Simulated Author's Rebuttal

3 responses · 0 unresolved

We thank the referee for the constructive and detailed comments. We address each major comment point by point below, indicating where revisions will be made to the manuscript.

read point-by-point responses
  1. Referee: [Abstract and Methods (metric definition)] The exact formula for Business utility (how ms is discounted or weighted by CV) is never stated, only described qualitatively as 'risk-adjusted'. This definition is load-bearing for all reported utility values (e.g., 0.6952) and for the central claim that variability causes substantial utility loss.

    Authors: We agree that the precise mathematical definition of Business utility was not explicitly stated, which is an oversight given its central role. We will revise the Methods section to include the exact formula combining mean score (ms) and coefficient of variation (CV) as a risk-adjusted measure. This will ensure the reported values such as 0.6952 are fully reproducible. revision: yes

  2. Referee: [Experimental design (trajectories per condition)] Only five trajectories per condition are used to compute CV. With n=5 the sampling variability of the CV estimator itself is large, directly affecting the stability of the Business utility scores and the conclusion that 'most configurations are not reliable enough'.

    Authors: We acknowledge that n=5 per condition introduces substantial sampling variability in the CV estimates, which affects the precision of the Business utility metric.
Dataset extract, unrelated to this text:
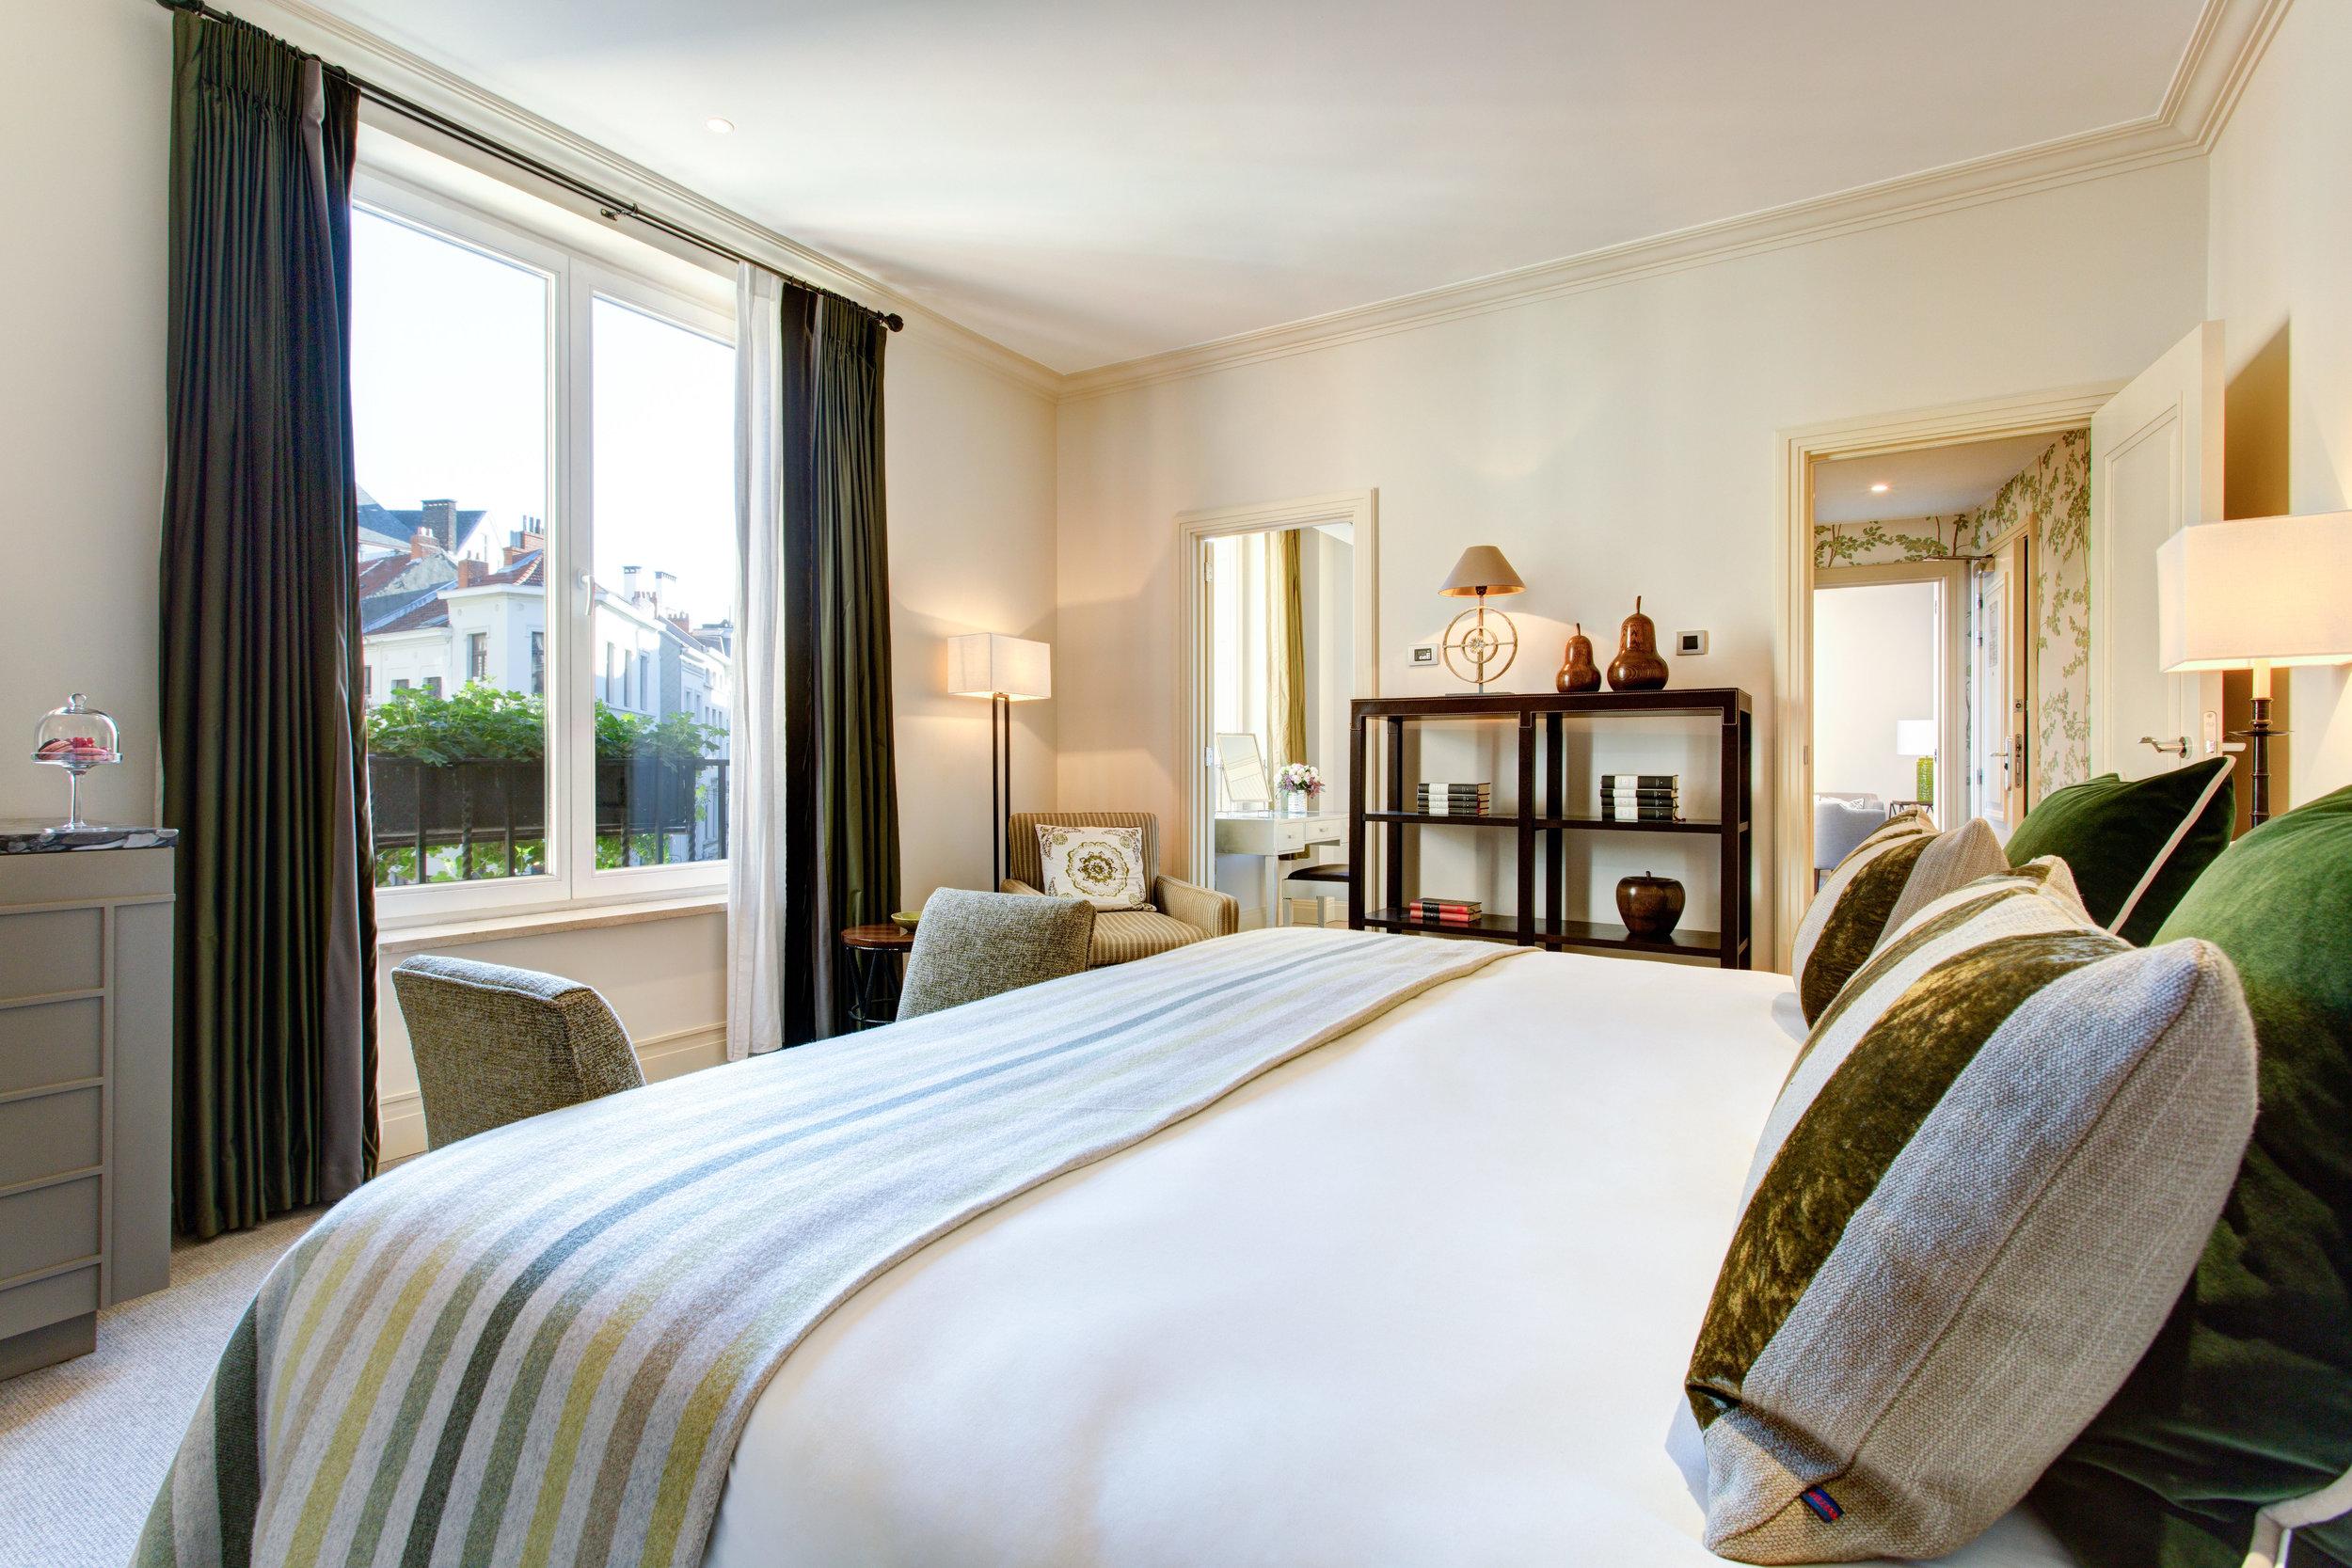 6 RFH Hotel Amigo - Executive Suite 7178 JG Nov 16.jpg

We will add an explicit discussion of this limitation in a new Limitations subsection, including its implications for the reliability conclusions, while noting that the design prioritizes breadth across conditions and models. revision: partial

  3. Referee: [Benchmark construction] No validation or sensitivity analysis is provided for the agent-based supply-chain simulation as a proxy for real enterprise EDA tasks. If the generated traces have lower noise or narrower ambiguity than actual business data, both the observed CVs and the utility metric will understate deployment risk, weakening the general claim about autonomous EDA suitability.
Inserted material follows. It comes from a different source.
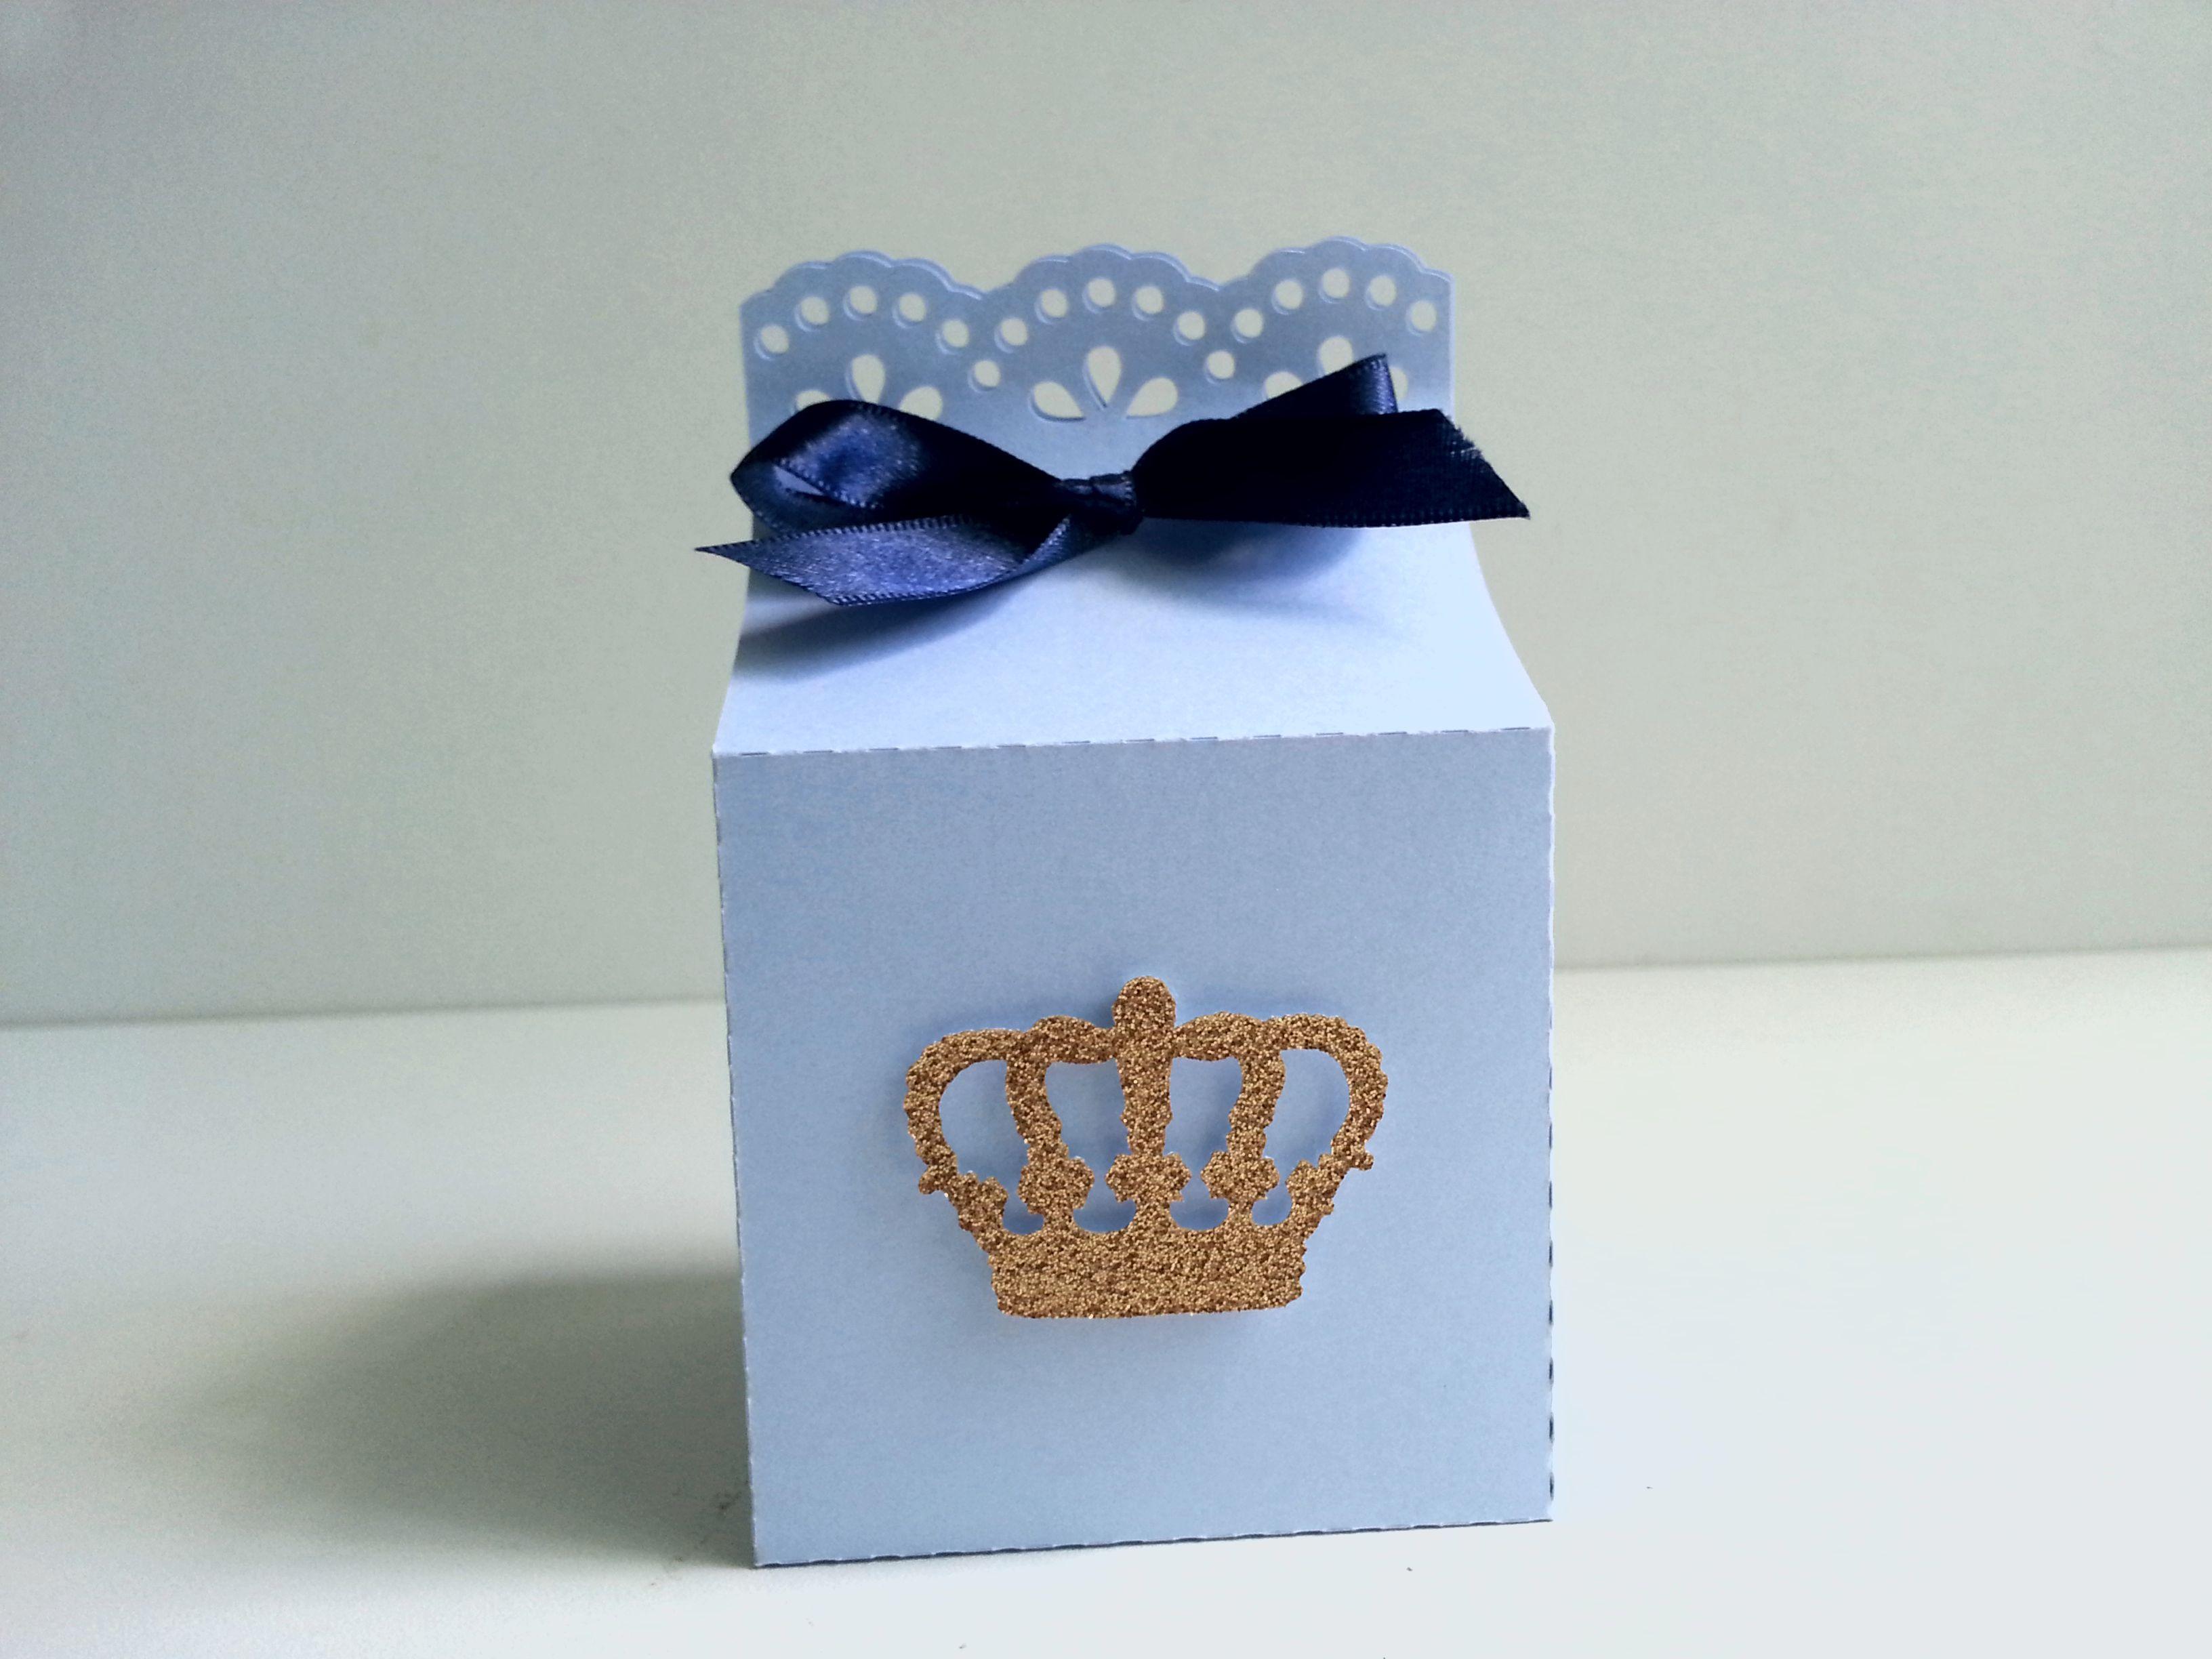 Primeiro aninho do príncipe Pedro 💙 #coroa #principe #atelieassimsim  #aguaourofino #realeza

    Authors: The simulation is presented as a controlled proxy to isolate factors such as data representation, prompt clarity, and signal strength. We will expand the manuscript with additional discussion of the simulation's assumptions, design rationale, and potential differences from real enterprise data that could affect risk estimates. Full validation against proprietary real-world datasets is not feasible within this study. revision: partial

Circularity Check

0 steps flagged

No significant circularity detected

full rationale

The paper's core claims rest on an empirical evaluation: LLMs are tested on a fixed agent-based supply chain simulation, outputs are scored deterministically via Jaccard index against ground truth, and a new composite metric (Business utility) is proposed to combine observed ms and CV. No equations, self-citations, or derivations are quoted that reduce any reported result to a fitted parameter or prior self-work by construction. The simulation and scoring procedure are externally specified and falsifiable; the metric is introduced as a summary statistic rather than a predictive derivation. This is a standard empirical benchmark study with no load-bearing circular steps.
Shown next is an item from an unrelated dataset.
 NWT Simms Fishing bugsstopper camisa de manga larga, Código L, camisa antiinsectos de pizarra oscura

Axiom & Free-Parameter Ledger

0 free parameters · 2 axioms · 1 invented entities

Abstract-only review; no explicit free parameters, axioms, or invented entities beyond the proposed metric are detailed. The Jaccard index and five-trajectory sampling are used without further justification visible.

axioms (2)
  • domain assumption Jaccard index is suitable for scoring LLM-generated supplier-product sets against deterministic ground truth.
    Used to produce mean score and CV in the evaluation framework.
  • domain assumption Five trajectories per condition suffice to estimate coefficient of variation for business utility.
    Basis for repeatability assessment across the four experimental conditions.
invented entities (1)
  • Business utility metric no independent evidence
    purpose: Single operational measure combining mean score and variability to assess deployability.
    Newly proposed to summarise quality and repeatability; no external validation or independent evidence provided in abstract.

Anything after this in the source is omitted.